Réhabilitations, « vivre-ensemble » et crise sanitaire : le casse-tête des logements étudiants

 In Non classé, Vie étudiante/université

Retour sur la table ronde « logement étudiant » du 05 novembre dernier. Coorganisée avec la MGEL et en présence de différents acteurs du logement étudiants, Radio Campus Lorraine passe au crible les différents dossiers, de la colocation au logement du futur en passant par la réhabilitation des logements et résidences universitaires.
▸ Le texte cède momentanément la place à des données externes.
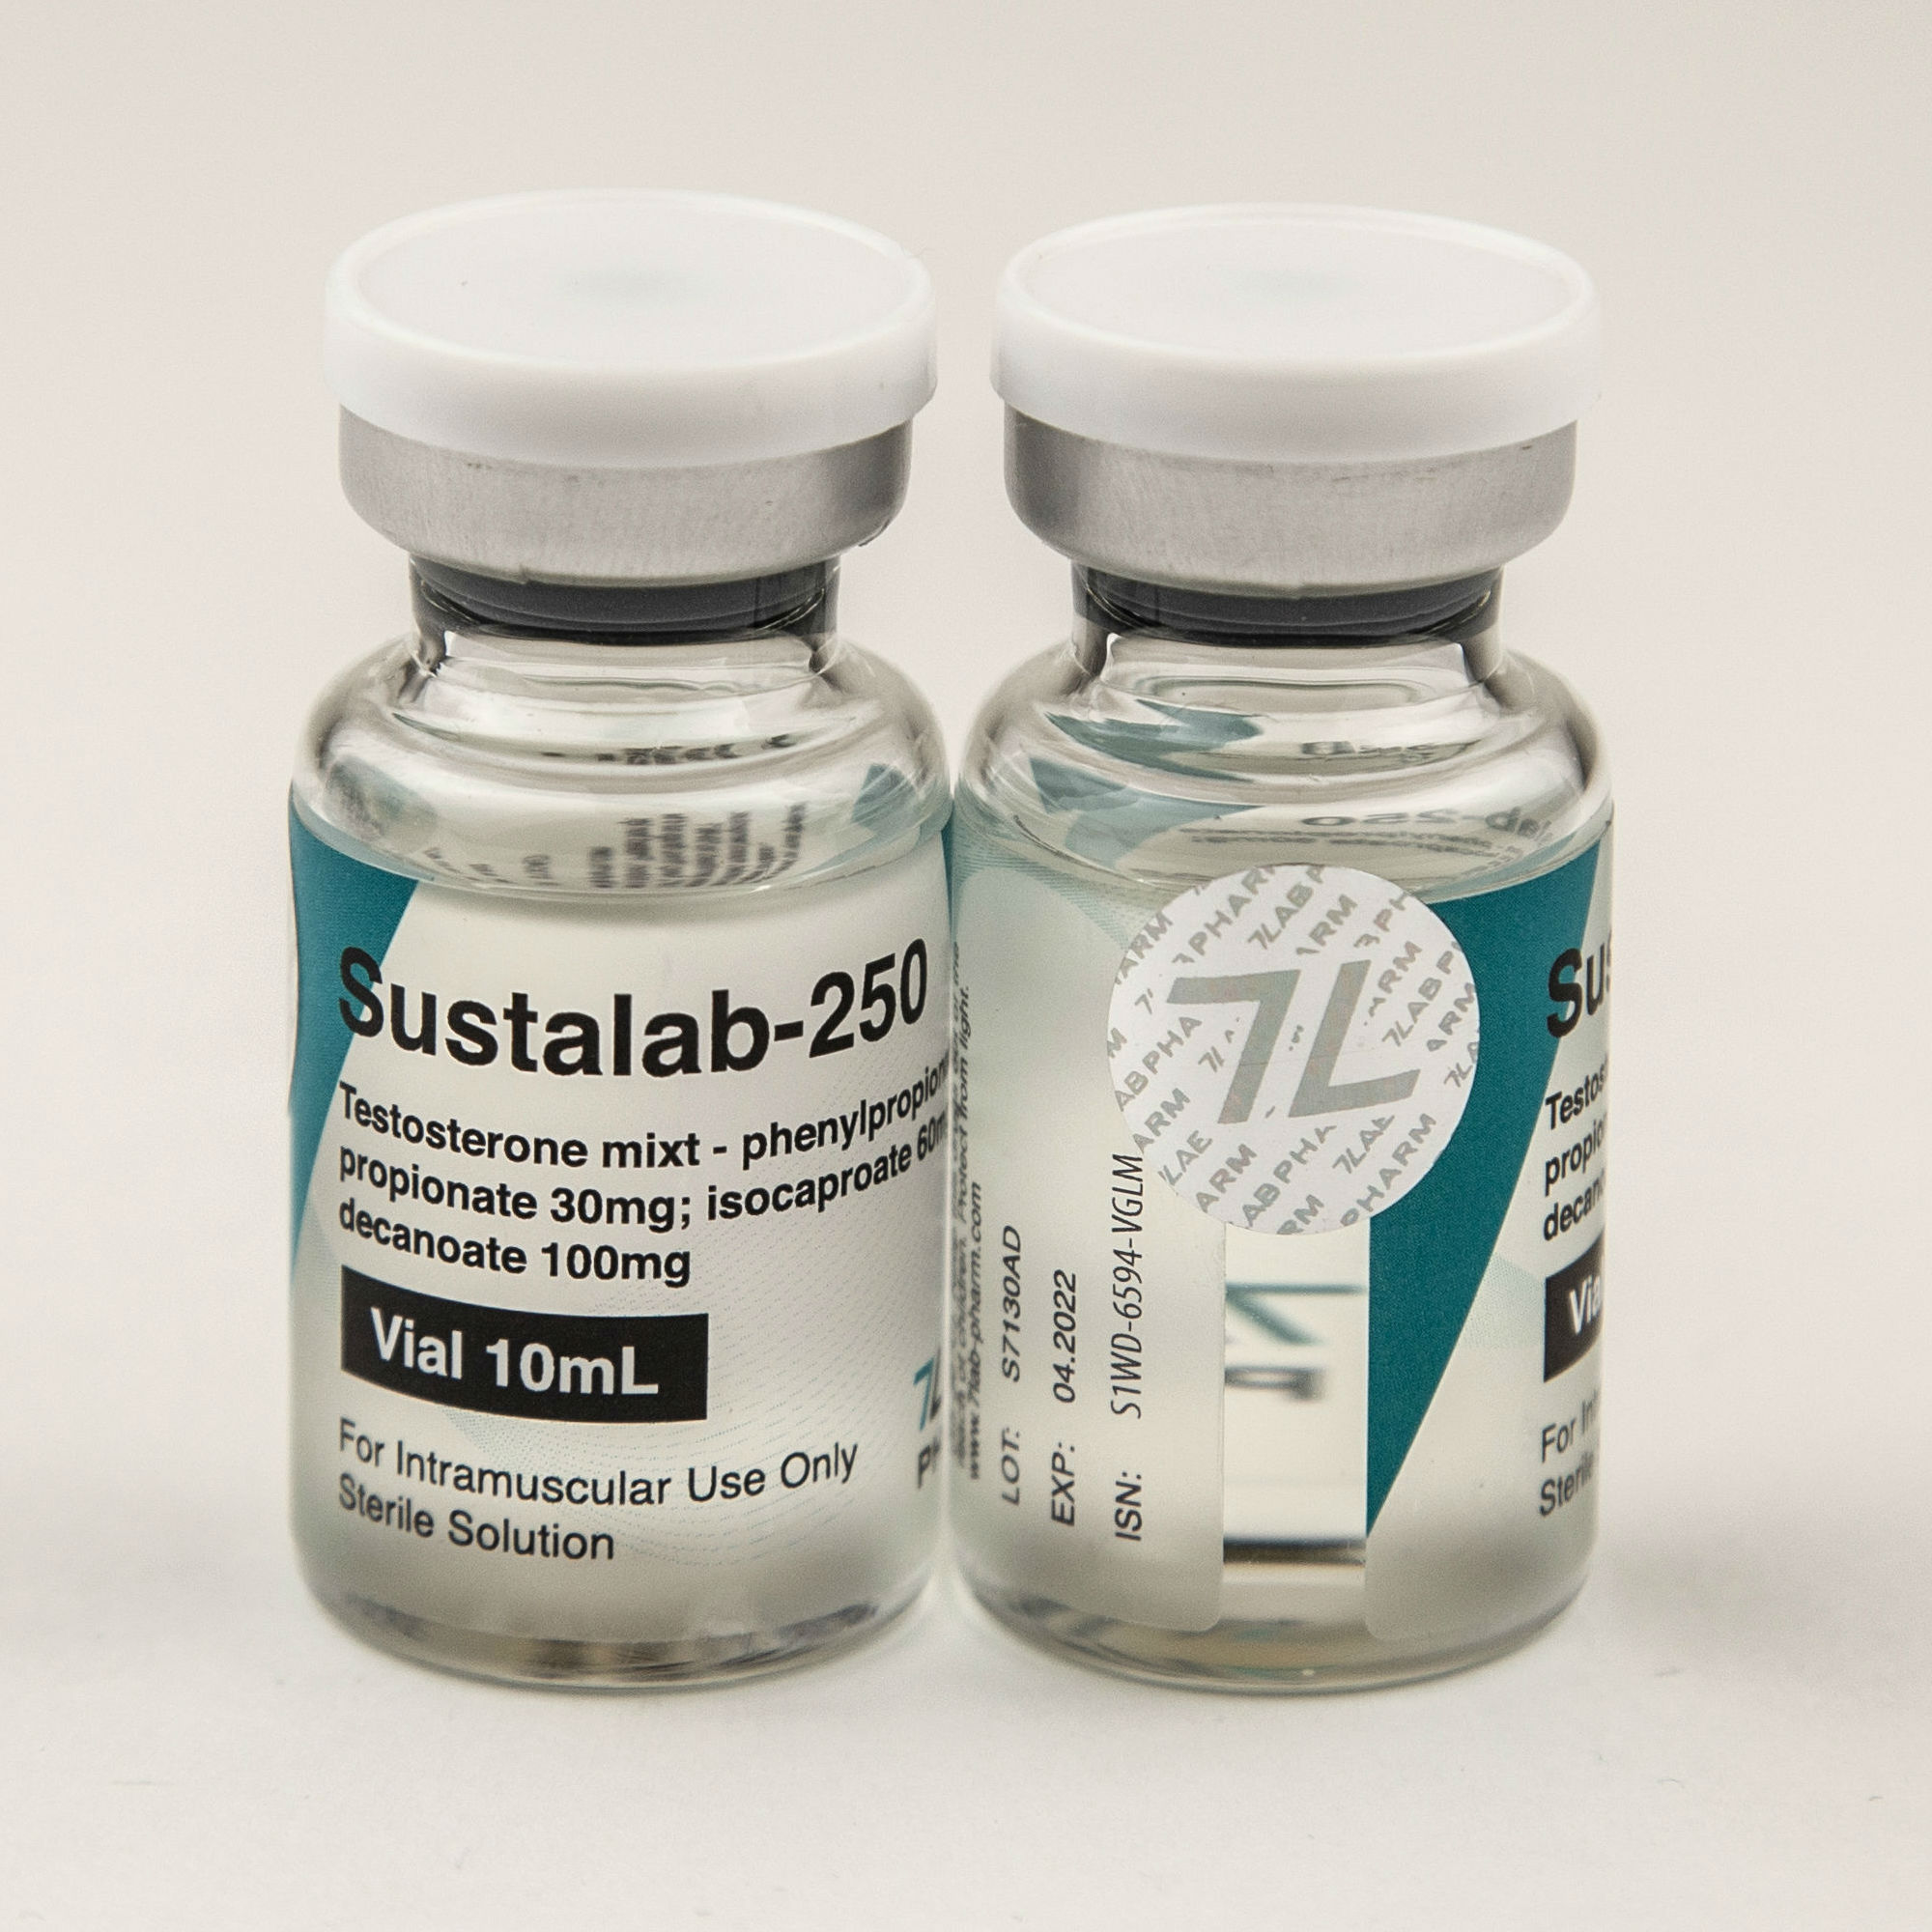 Sustalab-250 (Testosterone Mix) by 7Lab Pharma

Plusieurs acteurs du logement, parfois spécialisés dans le logement étudiant, ont accepté de répondre à nos questions pendant près d’une heure et demi. On retrouve ainsi :

Brigitte Heimermann, directrice du CLOUS Lorraine, représentante du bailleur public, le CROUS Lorraine. Avec un parc immobilier de près de 7000 logements en lorraine , de 9 m² à la studette de 18 m² et que quelques colocations de 30 m².

Patrice Drexler, gérant de MGEL Logement, exploitant de 22 résidences pour environ 900 logements, majoritairement auprès de bailleurs sociaux dont le futur GEC. Ils disposent majoritairement de logements allant de 17m² pour des T1 à 75 m² pour des T4 en colocation. Leur concept, le logement « all inclusive » : salle de sport, billard, babyfoot, Air Hockey et même le petit déjeuner.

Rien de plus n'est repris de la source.